Last Thursday Oracle (NYSE: ORCL) released results for the 3rd quarter of its fiscal 2019-year 2019. In extended hour trading the stock price initially reacted positively, before trading lower. On Friday the price initially fell nearly 5%, before recovering some of those losses. On the face of it, the weaker outlook for the 4th quarter spooked investors, though longer-term risks may also be weighing on the stock.
The company managed to beat estimates for both earnings and revenues, though revenue fell 3% from a year ago. Adjusted EPS came in at $0.87, versus the $0.84 analysts expected, and well up from a $0.92 loss a year ago. Total revenue for the quarter was $9.61 billion, $30 million ahead of analyst forecasts.
Oracle also announced that it had bought back $10 billion of its own stock, the third consecutive quarter it had done so.
The company lowered its revenue guidance for the fourth quarter to between $11.03 and $11.26 billion, down between 0 and 2% for the year and below the $11.14 analysts hoped for.

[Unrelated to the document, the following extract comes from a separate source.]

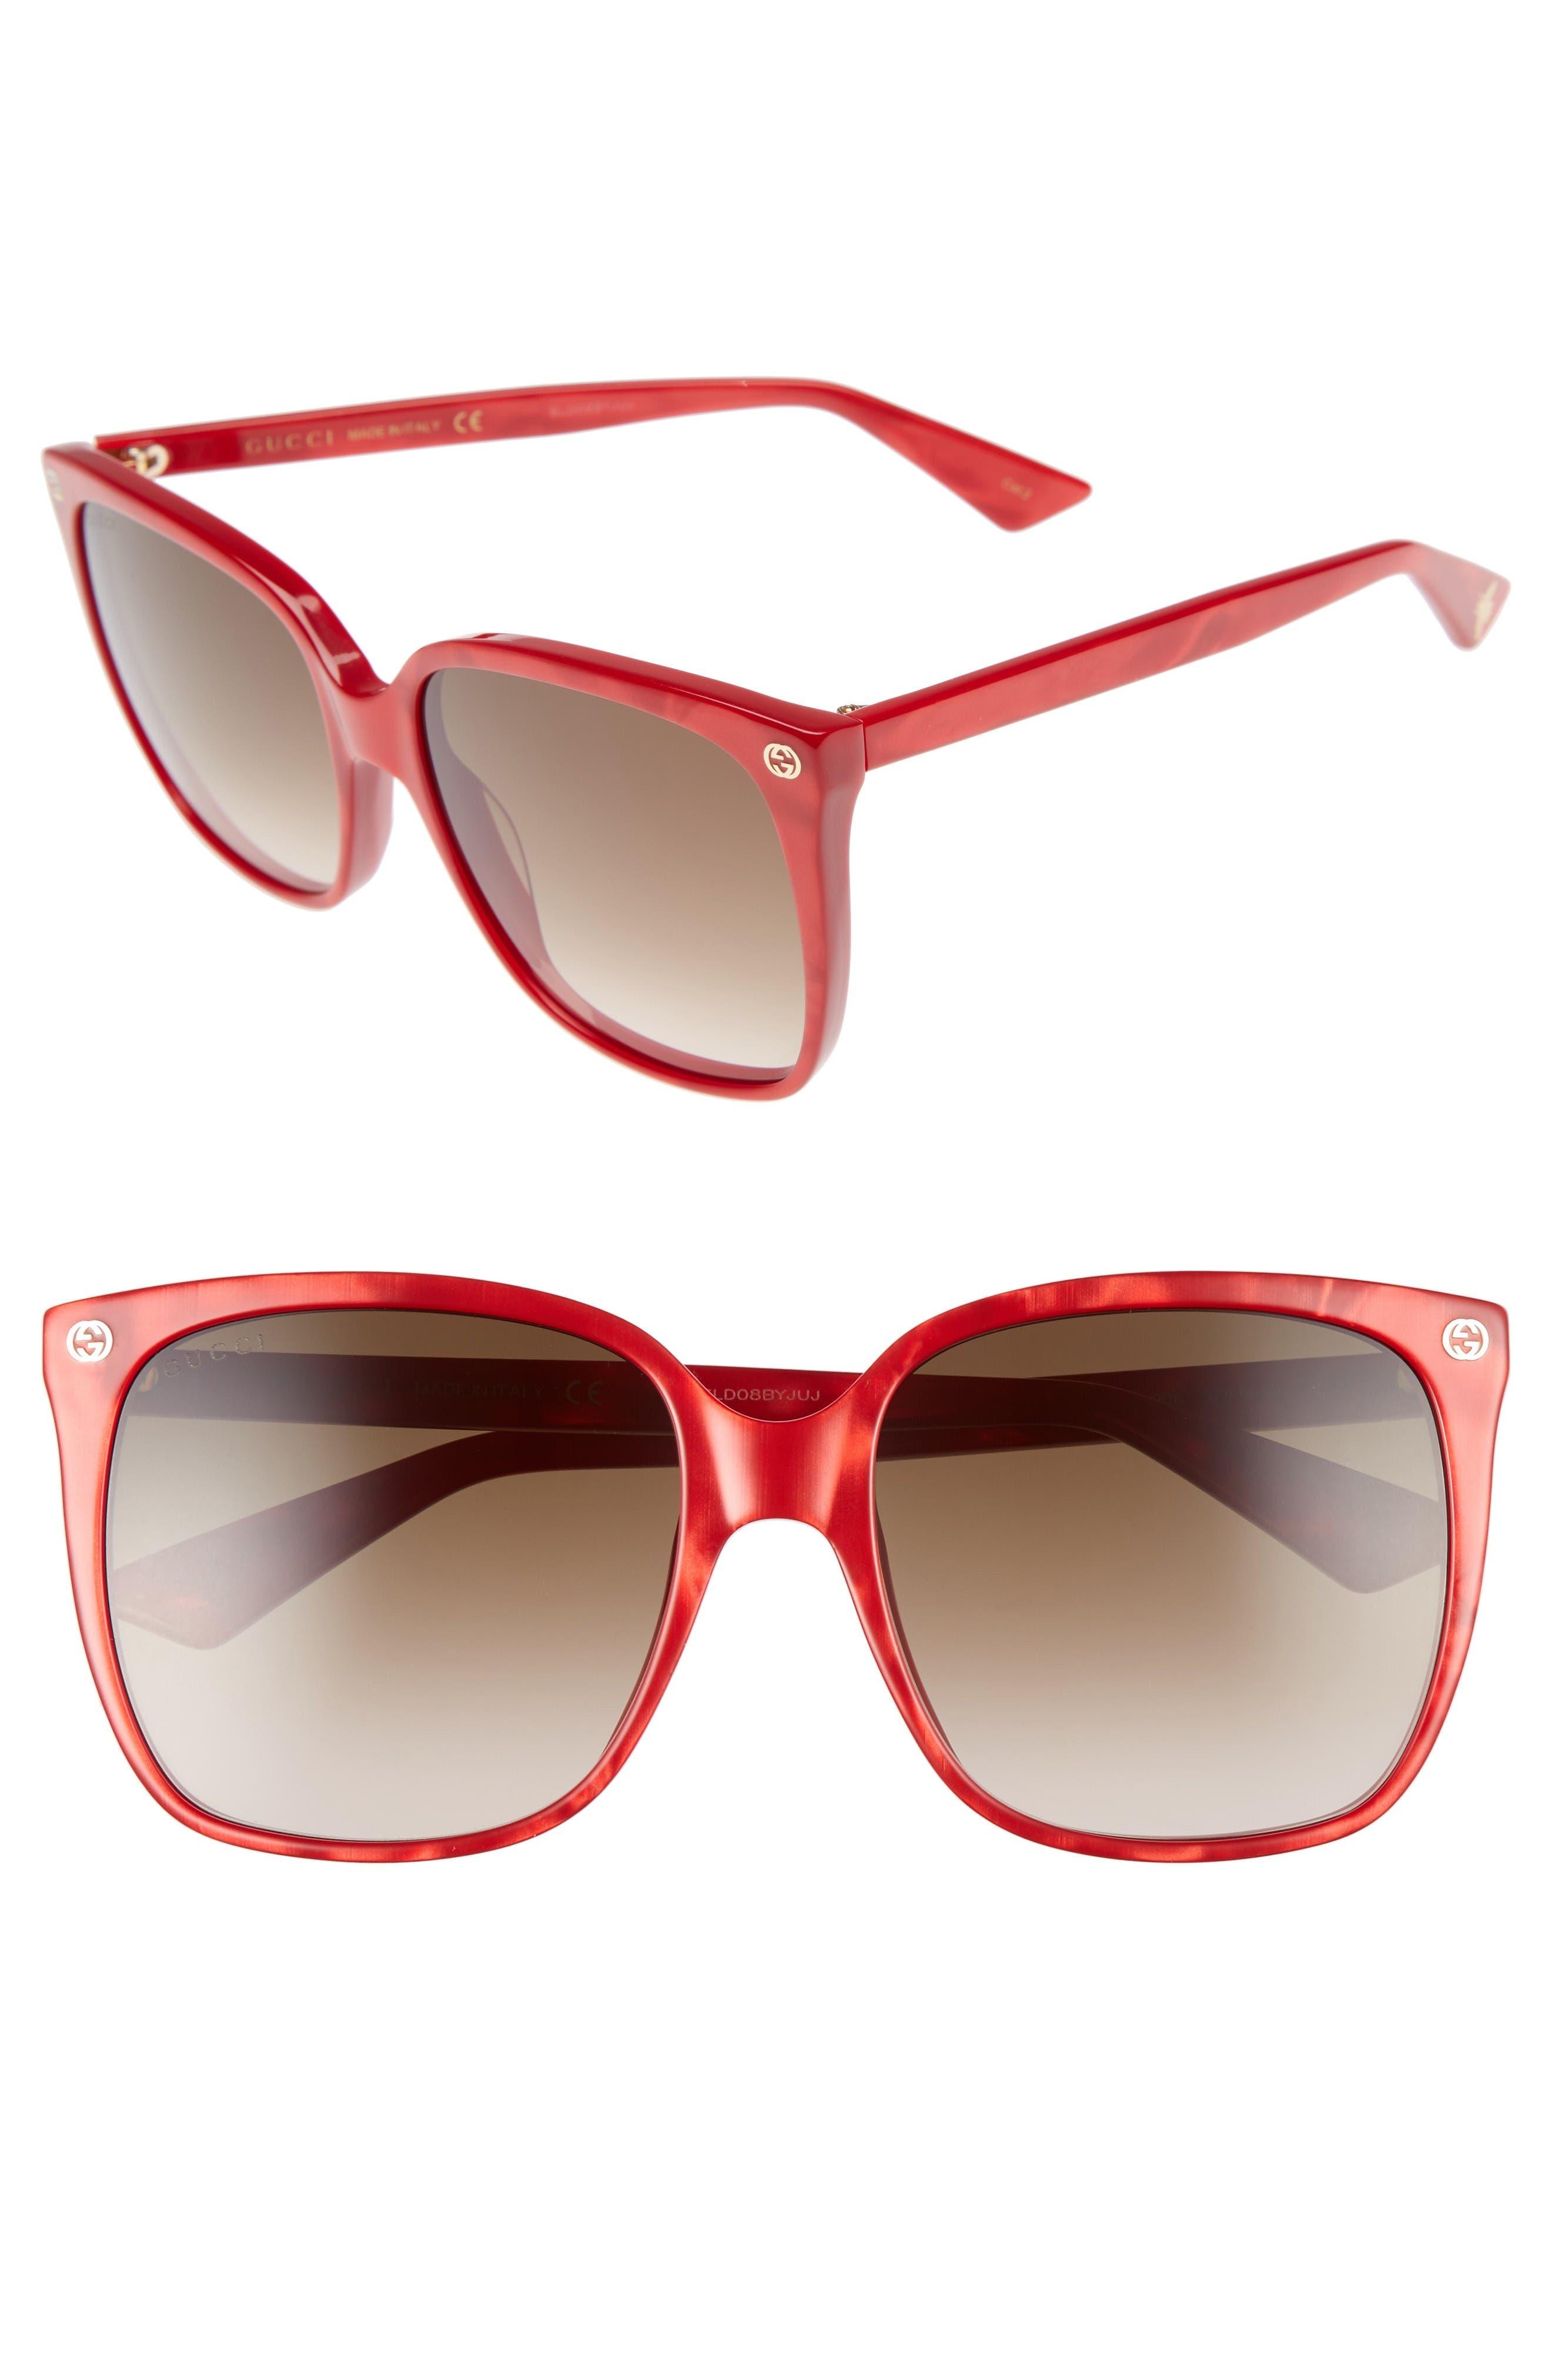 Alternate Image 1 Selected - Gucci 57mm Square Sunglasses
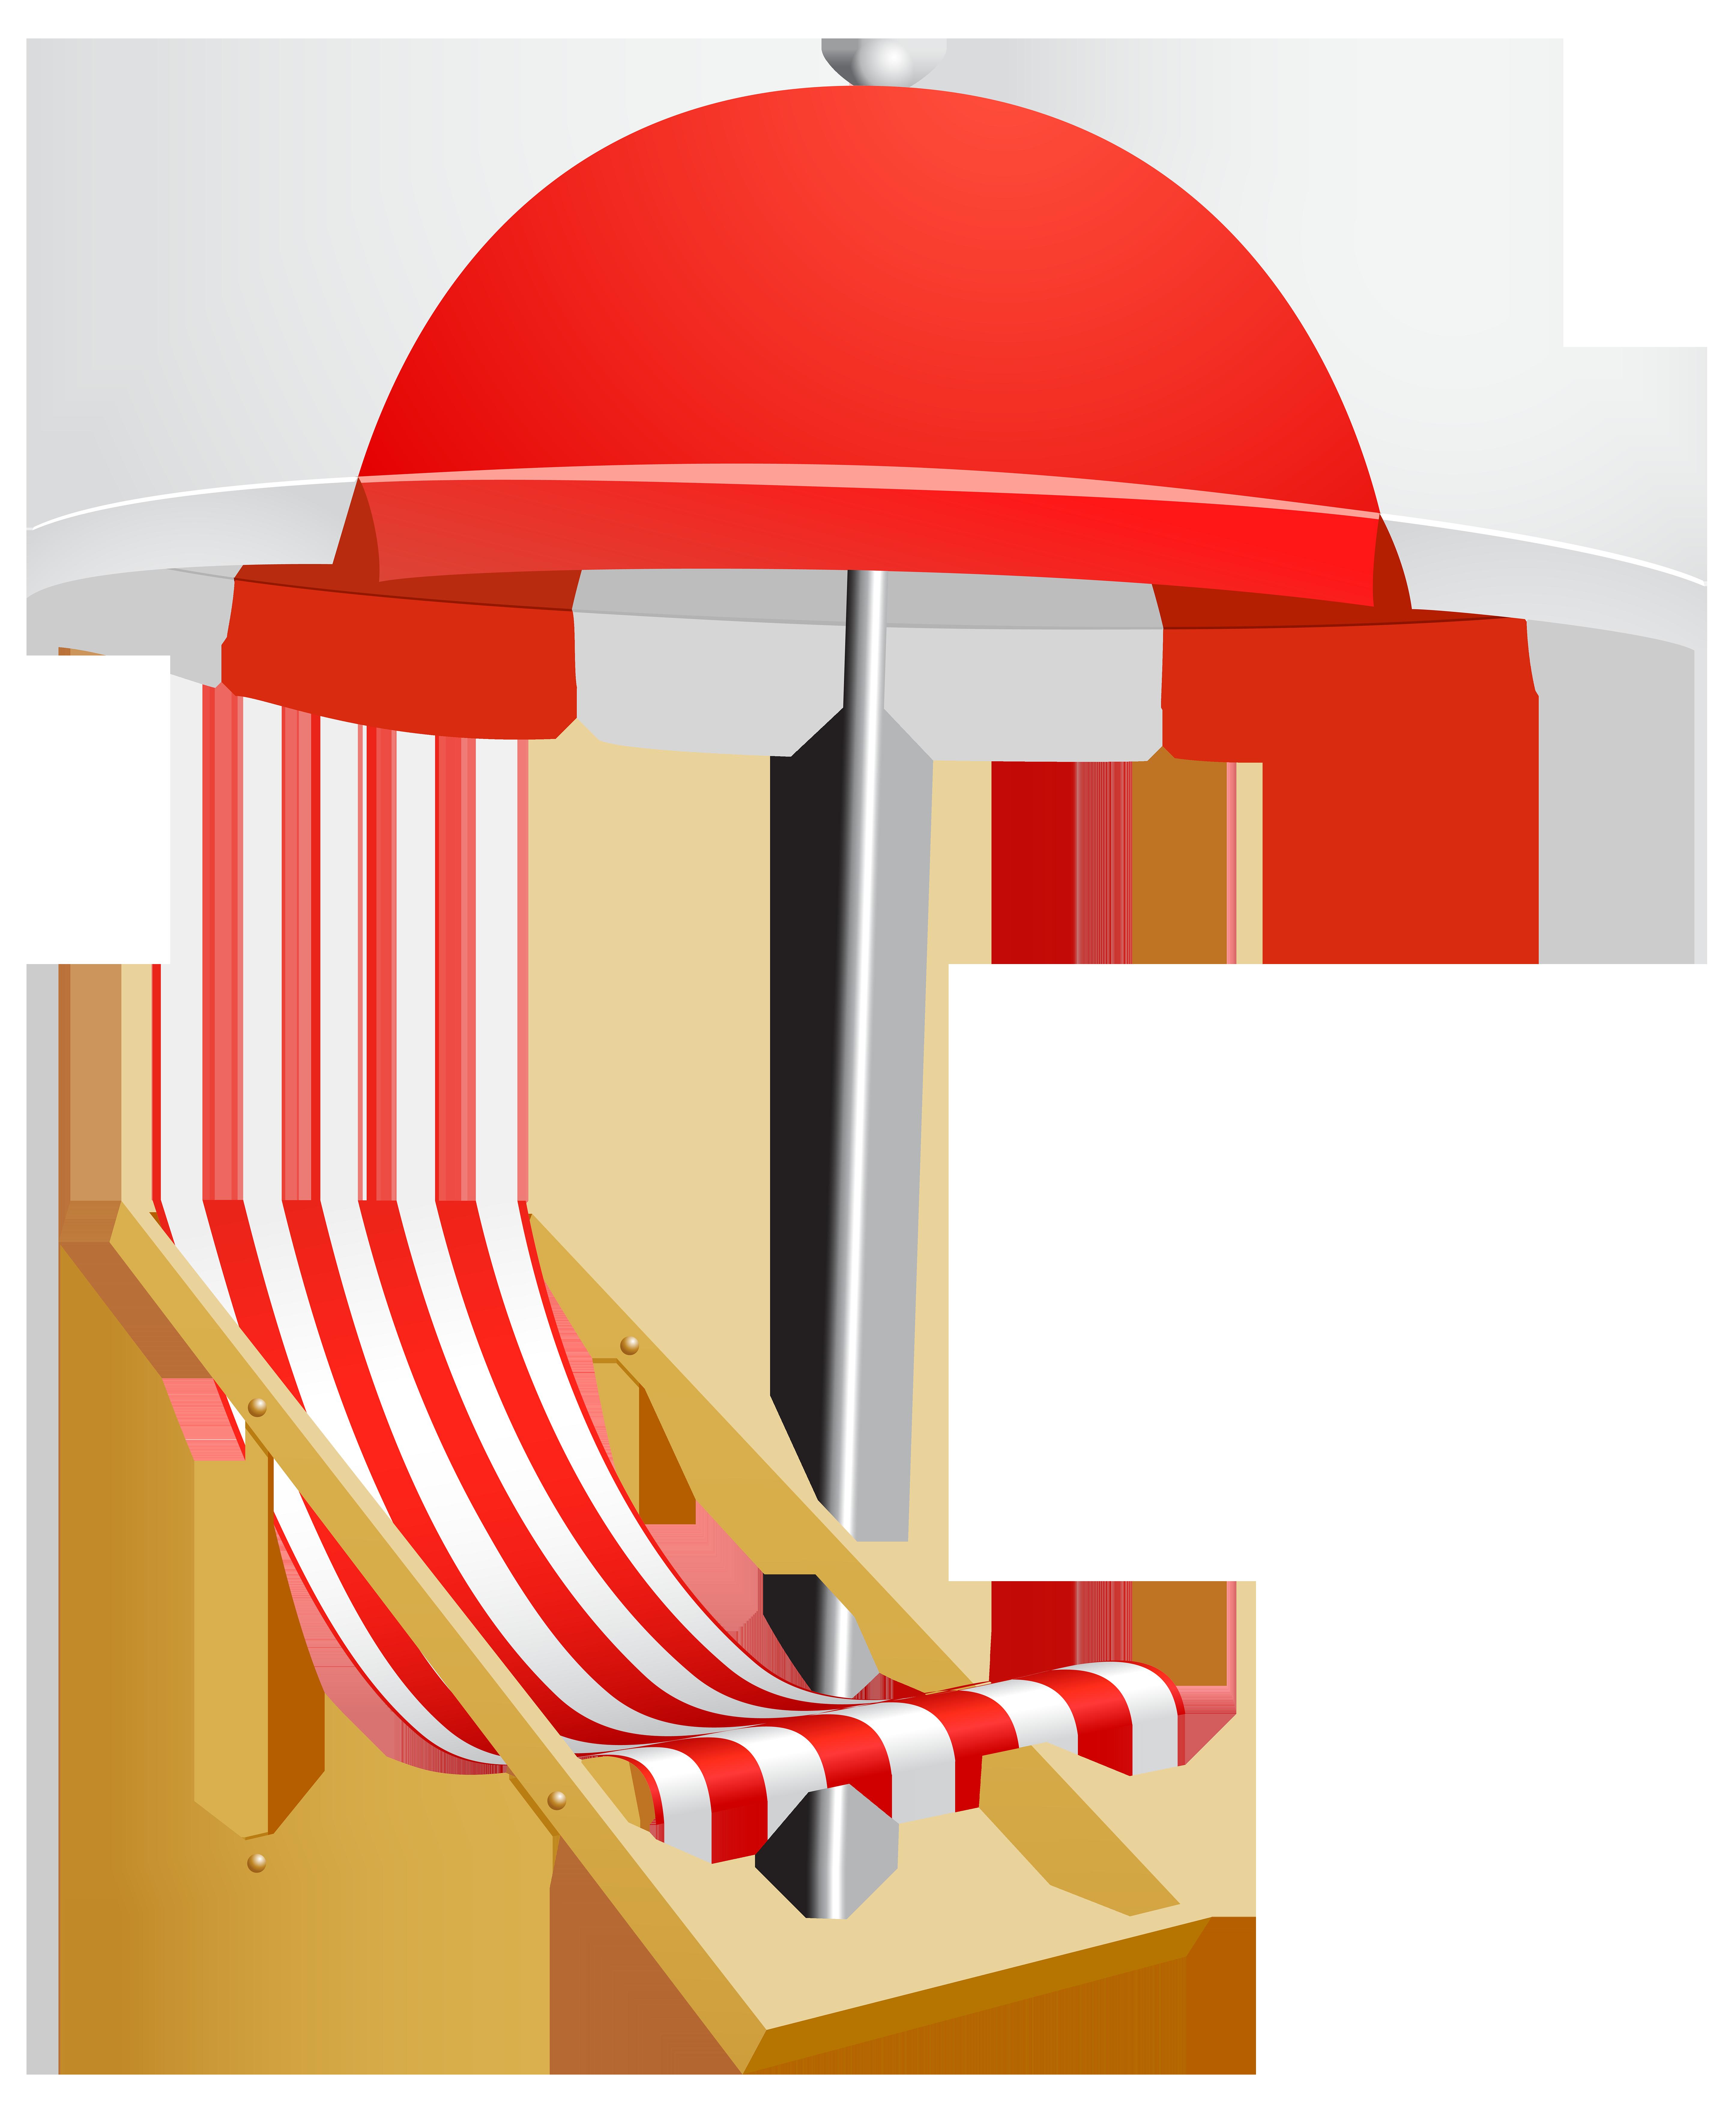 Beach Umbrella and Chair Transparent PNG Clip Art Image

EPS are expected to be roughly in line at between $1.05 and $1.09 for the quarter.
A Growing Force in the Cloud Business?
Oracle was a late entrant to the cloud computing game, having previously expressed skepticism about the potential of the industry. In Thursday’s earnings call, Chairman and CTO, Larry Ellison emphasized the growing contribution cloud businesses now make to Oracle’s revenue.
Ellison said that customers preferred Oracle’s more integrated approach to cloud computing applications and that the Fusion Suite and NetSuite products were growing rapidly.
Cloud-service and license-support revenue now make up nearly 70% of total revenue. However, since these two segments have now been combined, it’s difficult to see how fast the cloud business is really growing. Some analysts believe this was done to obscure the real picture.
Some even sighted this as the reason Warren Buffet and Berkshire Hathaway dumped their entire Oracle position in February – after buying the stock just months earlier.
Oracle Comes with a Risk Warning
Some analysts have recently downgraded the stock because they believe the share buyback, which has supported the stock price, is not sustainable. Until January the stock was pretty much flat over 12 months, and the year-to-date rally appears to have been discounting a better outlook.
If it’s true that customers do prefer Oracle’s cloud solutions to those of competitors like AWS, the outlook would be very positive. However, revenue growth doesn’t really suggest that’s the case, and the company’s opaque reporting doesn’t instil confidence.
Add to that the disappointing outlook, and the risk of buybacks being reduced, the PE of 19 doesn’t look very attractive. There seem to be better technology and software plays around.
Maybe Oracle is actually a screaming buy – however, without more evidence for the success of its cloud business, it’s really not possible to weigh up the risks.